Zorluklara aldırmadan, sorunları gözümüzde büyütmeden, bahane arama kolaycılığına kaçmadan Türkiye Yüzyılı hedefimiz doğrultusunda sabırla yürümeyi sürdürüyoruz. Burada bir kez daha altını çizerek şu hususu ifade etmek isterim; Bizim nazarımızda 85 milyon vatandaşımızın tamamı oy tercihlerinden bağımsız olarak eşit şekilde hizmete ve hürmete layıktır. İktidarlarımızın 21 yılı aşkın döneminin hiçbir safhasında belediyelerimizi siyasi rengine göre ayırmadık. Kampanya dönemi boyunca yaptıklarımızı anlattık, projelerimizi paylaştık, muhalefet ile ilgili eleştirilerimizi açık yüreklilikle dile getirdik. Seçimin bittiği gün sandıktan çıkan iradeye saygı gösterip kaldığımız yerden hizmetlerimize devam ettik. Bu durum İstanbul için de geçerlidir. Şayet İstanbul bugün mevcut durumundan çok daha kötüye gitmemişse bunun en büyük sebebi bizim elimizi taşın altına koymamızdır.

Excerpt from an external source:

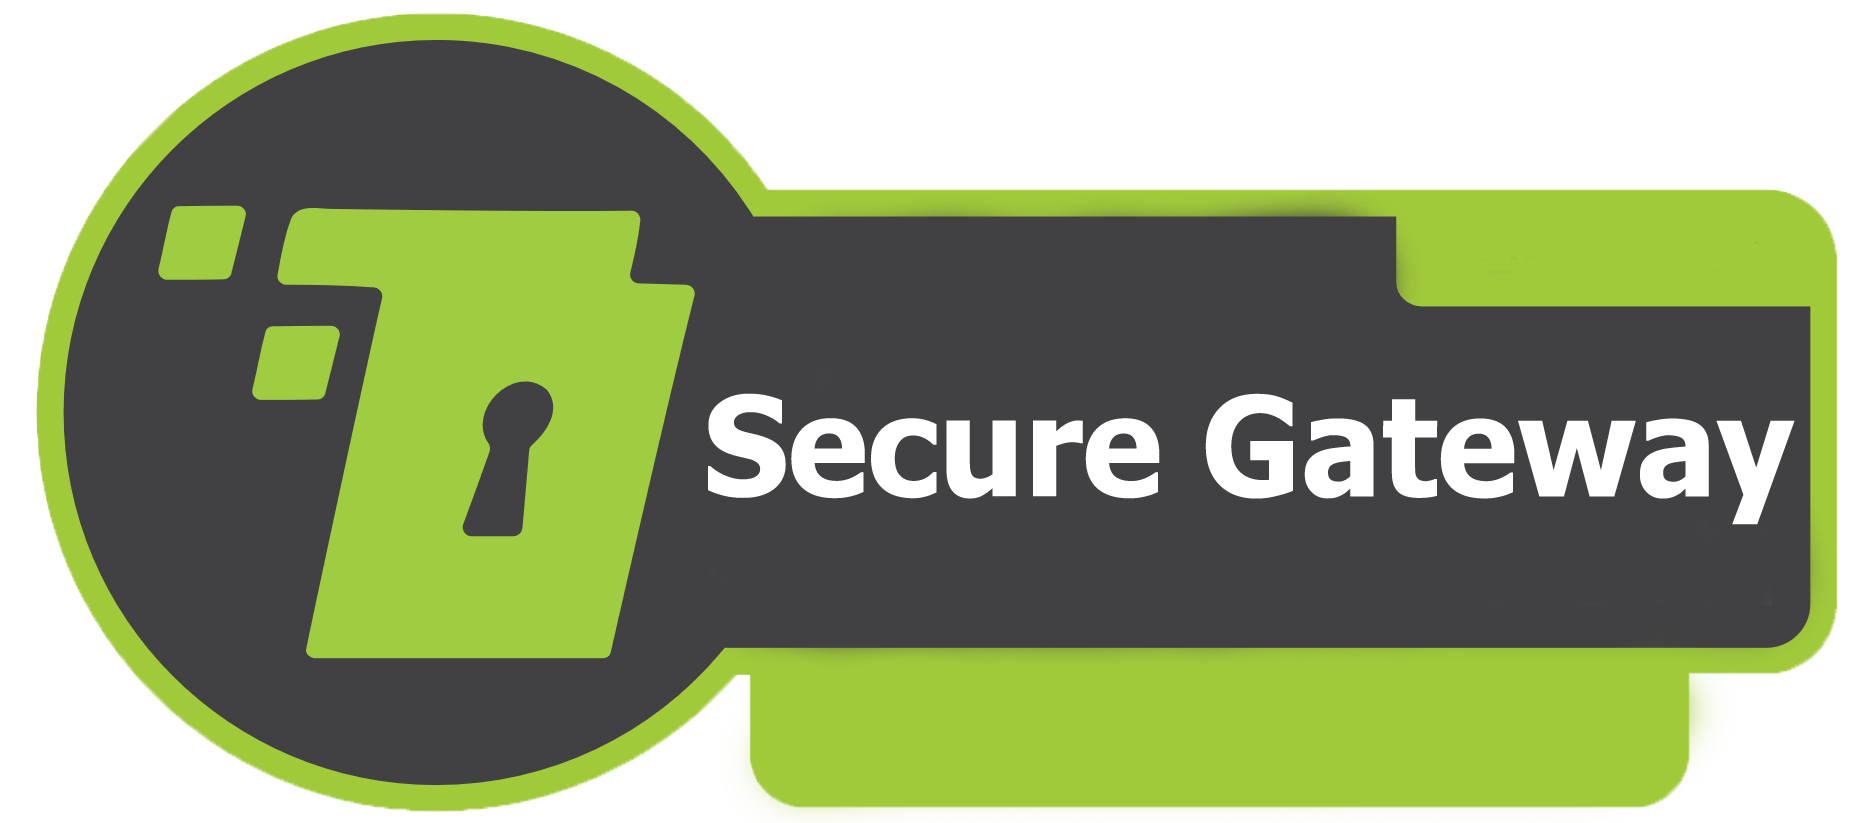 securegateway1.png (124 KB)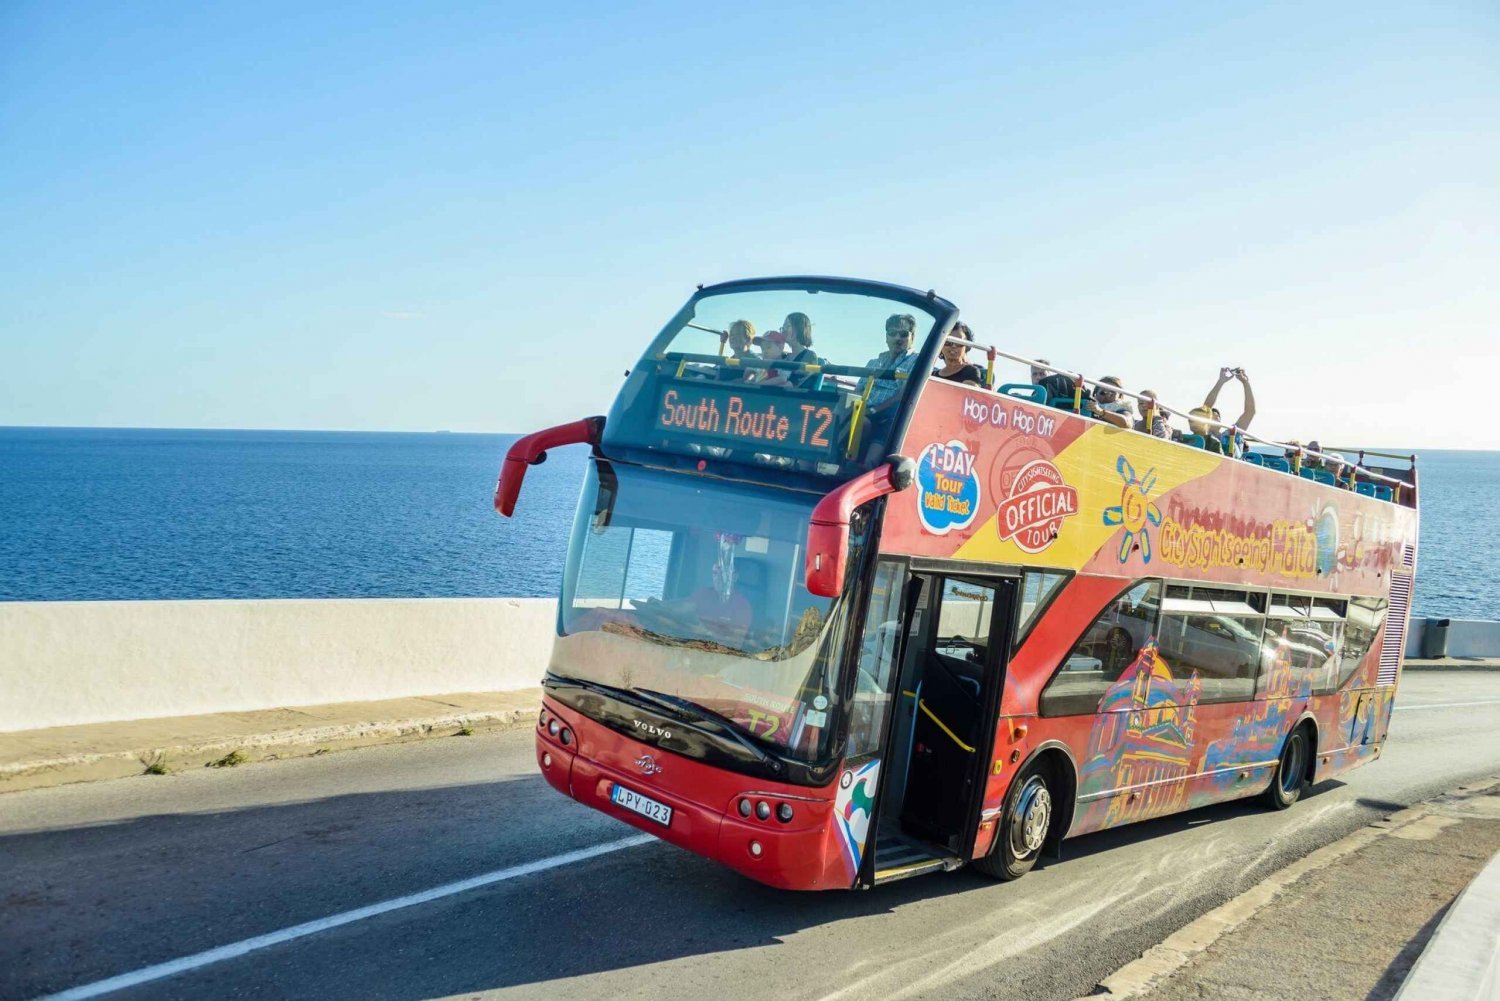 Malta: City Sightseeing HOHO Bus Tour & Optional Boat Tour

"İSTANBUL'UN İFLAS BAYRAĞINI ÇEKMESİNİN ÖNÜNE GEÇTİK"

Hükümetimizin görev alanına giren hizmetlerden çok daha fazlasını İstanbul'a kazandırarak şehrin iflas bayrağını çekmesinin önüne geçtik. Şimdi biz neredeyiz? Kağıthane, bu Kağıthane'nin Haliç'e bağlanan kısmının nasıl pislik olarak aktığını hatırlıyor musunuz? Belki gençler hatırlamayabilir, ama anneleri, babaları bunu gayet iyi hatırlıyor. Bütün bu pisliği Boğaz'ın o pırıl pırıl temiz suyunu ne yaptık biz buraya bağladık. Kağıthane'ye ve Haliç'e bağladık. Ondan sonra buranın suyu tertemiz oldu. Biz yaptık, söyledik mi yaparız, bundan sonra da yaparız. Muradımızla yapacağız. Ama siz de muradınıza ermek istiyorsanız Muradımıza sahip çıkacaksınız. Bir taraftan belediyeler bir taraftan hükümet olarak biz. İkimiz ele ele vereceğiz ve ülkemizi ayağa kaldıracağız.

SADECE SON 2 YIL İÇERİSİNDE 51 KM'LİK METRO HATTI İSTANBULLULARIN HİZMETİNE KAZANDIRILDI

İstanbul'umuzu ayağa kaldıracağız. Ankara'mızı, İzmir'imizi, Eskişehir'imizi, Konya'mızı, Kayseri'mizi velhasıl ülkemizin 30 büyük şehrini ayağa kaldıracağız. Sadece son 2 yıl içerisinde 51 kilometrelik metro hattını İstanbulluların hizmetine sunmanın sevincini yaşadık. Sabiha Gökçen Havalimanı, Pendik Metrosu gibi önemli bir projeyi İstanbul halkının ve bölgedeki diğer illerimizin hizmetine verdik. Elbette bunları yeterli bulmuyoruz. İstanbul gibi her gün büyüyen bir şehrin artan ulaşım alt yapı ihtiyacına ve diğer sıkıntılarına çözüm yolları geliştiriyoruz.

Sandık vakti gelince paçaları tutuştu. Muhalefetin yarıştan korktuğunu ilk defa görüyoruz.

ORTALAMA TRAFİK SÜRESİ 39 DAKİKA OLACAK

Buraya dikkat! Hedefimiz ortalama trafik süresi 64 dakikadan 39 dakikaya düşürerek trafiği bir sorun olmaktan önemli ölçüde çıkarmaktır. İstanbul'da trafik bir mesele olmaktan çıkacak.